Ong Christy C, Gierke Sarah, Pitt Cameron, Sagolla Meredith, Cheng Christine K, Zhou Wei, Jubb Adrian M, Strickland Laura, Schmidt Maike, Duron Sergio G, Campbell David A, Zheng Wei, Dehdashti Seameen, Shen Min, Yang Nora, Behnke Mark L, Huang Wenwei, McKew John C, Chernoff Jonathan, Forrest William F, Haverty Peter M, Chin Suet-Feung, Rakha Emad A, Green Andrew R, Ellis Ian O, Caldas Carlos, O'Brien Thomas, Friedman Lori S, Koeppen Hartmut, Rudolph Joachim, Hoeflich Klaus P
Department of Translational Oncology, Genentech, Inc., South San Francisco, CA, USA.
Department of Pathology, Genentech, Inc., South San Francisco, CA, USA.
Breast Cancer Res. 2015 Apr 23;17(1):59. doi: 10.1186/s13058-015-0564-5.
Breast cancer, the most common cause of cancer-related deaths worldwide among women, is a molecularly and clinically heterogeneous disease. Extensive genetic and epigenetic profiling of breast tumors has recently revealed novel putative driver genes, including p21-activated kinase (PAK)1. PAK1 is a serine/threonine kinase downstream of small GTP-binding proteins, Rac1 and Cdc42, and is an integral component of growth factor signaling networks and cellular functions fundamental to tumorigenesis.
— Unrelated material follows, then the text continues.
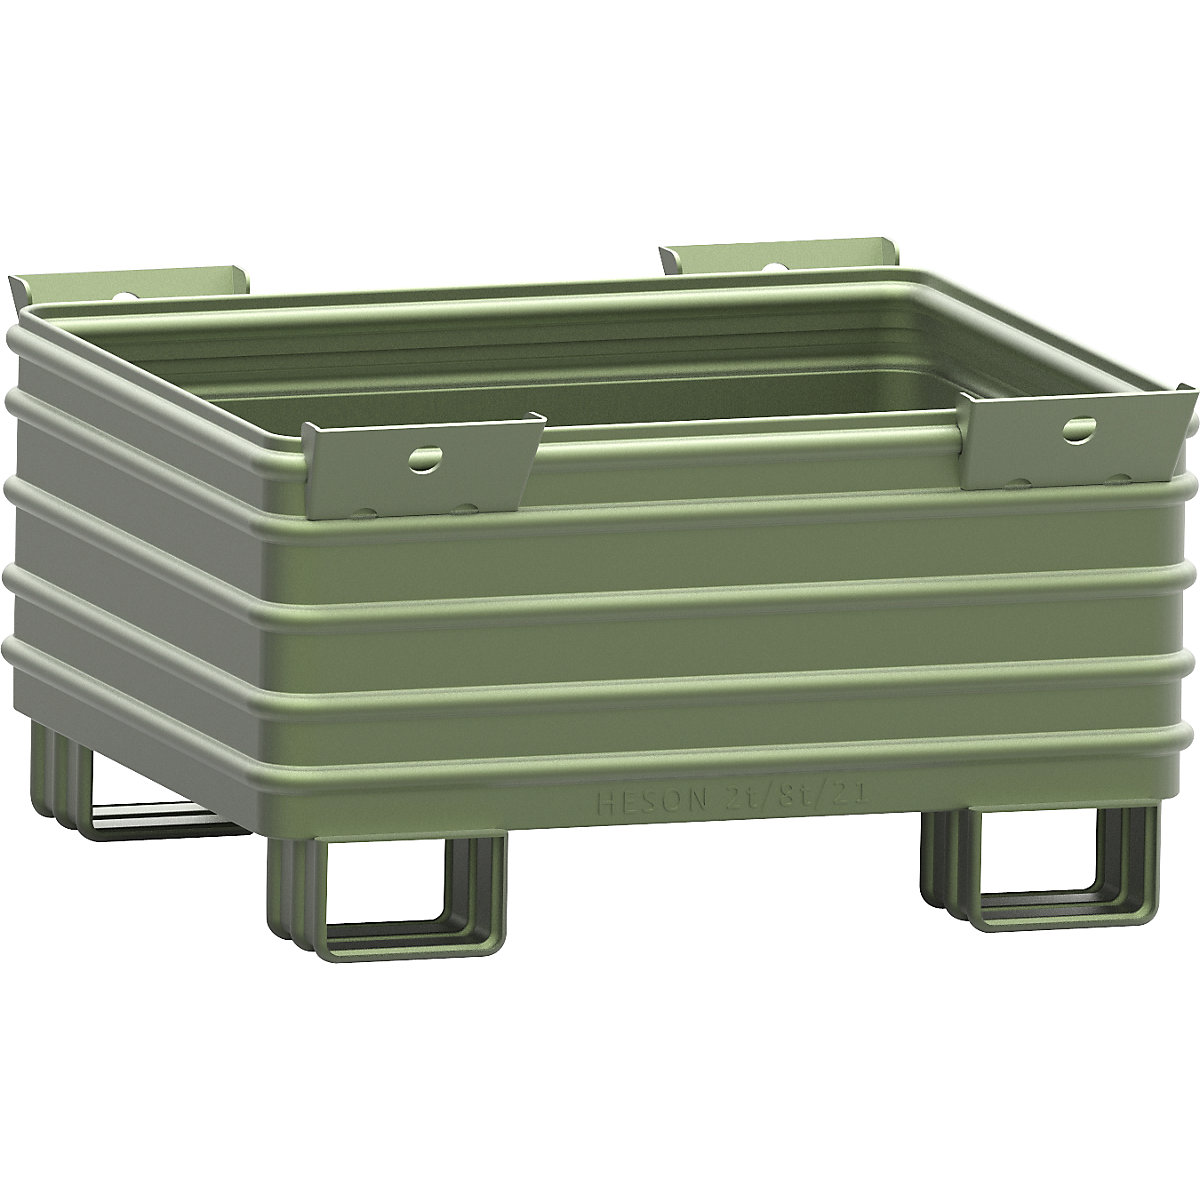 Schwerlast-Stapelbehälter Heson, BxL 1000 x 1200 mm, mit U-förmigen Füßen, grün lackiert, ab 5 Stk-6

PAK1 dysregulation (copy number gain, mRNA and protein expression) was evaluated in two cohorts of breast cancer tissues (n=980 and 1,108). A novel small molecule inhibitor, FRAX1036, and RNA interference were used to examine PAK1 loss of function and combination with docetaxel in vitro. Mechanism of action for the therapeutic combination, both cellular and molecular, was assessed via time-lapse microscopy and immunoblotting.
We demonstrate that focal genomic amplification and overexpression of PAK1 are associated with poor clinical outcome in the luminal subtype of breast cancer (P=1.29×10(-4) and P=0.015, respectively). Given the role for PAK1 in regulating cytoskeletal organization, we hypothesized that combination of PAK1 inhibition with taxane treatment could be combined to further interfere with microtubule dynamics and cell survival. Consistent with this, administration of docetaxel with either a novel small molecule inhibitor of group I PAKs, FRAX1036, or PAK1 small interfering RNA oligonucleotides dramatically altered signaling to cytoskeletal-associated proteins, such as stathmin, and induced microtubule disorganization and cellular apoptosis. Live-cell imaging revealed that the duration of mitotic arrest mediated by docetaxel was significantly reduced in the presence of FRAX1036, and this was associated with increased kinetics of apoptosis.
Taken together, these findings further support PAK1 as a potential target in breast cancer and suggest combination with taxanes as a viable strategy to increase anti-tumor efficacy.
乳腺癌是全球女性癌症相关死亡的最常见原因,是一种分子和临床异质性疾病。近期对乳腺肿瘤进行的广泛基因和表观遗传分析揭示了包括p21激活激酶(PAK)1在内的新型潜在驱动基因。PAK1是小GTP结合蛋白Rac1和Cdc42下游的丝氨酸/苏氨酸激酶,是生长因子信号网络以及肿瘤发生所必需的细胞功能的重要组成部分。
在两组乳腺癌组织(n = 980和1108)中评估PAK1失调(拷贝数增加、mRNA和蛋白表达)情况。使用新型小分子抑制剂FRAX1036和RNA干扰技术在体外检测PAK1功能丧失及其与多西他赛联合使用的效果。通过延时显微镜和免疫印迹评估治疗组合在细胞和分子水平上的作用机制。
我们证明PAK1的局灶性基因组扩增和过表达与乳腺癌管腔亚型的不良临床结局相关(分别为P = 1.29×10⁻⁴和P = 0.015)。鉴于PAK1在调节细胞骨架组织中的作用我们推测PAK1抑制与紫杉烷治疗联合可进一步干扰微管动力学和细胞存活。与此相符,多西他赛与I组PAK的新型小分子抑制剂FRAX1036或PAK1小干扰RNA寡核苷酸联合给药显著改变了与细胞骨架相关蛋白(如微管相关蛋白)的信号传导,并诱导微管解聚和细胞凋亡。活细胞成像显示,在存在FRAX1036的情况下,多西他赛介导的有丝分裂停滞持续时间显著缩短,这与凋亡动力学增加相关联。
综上所述,这些发现进一步支持PAK1作为乳腺癌的潜在靶点,并表明与紫杉烷联合是提高抗肿瘤疗效的可行策略。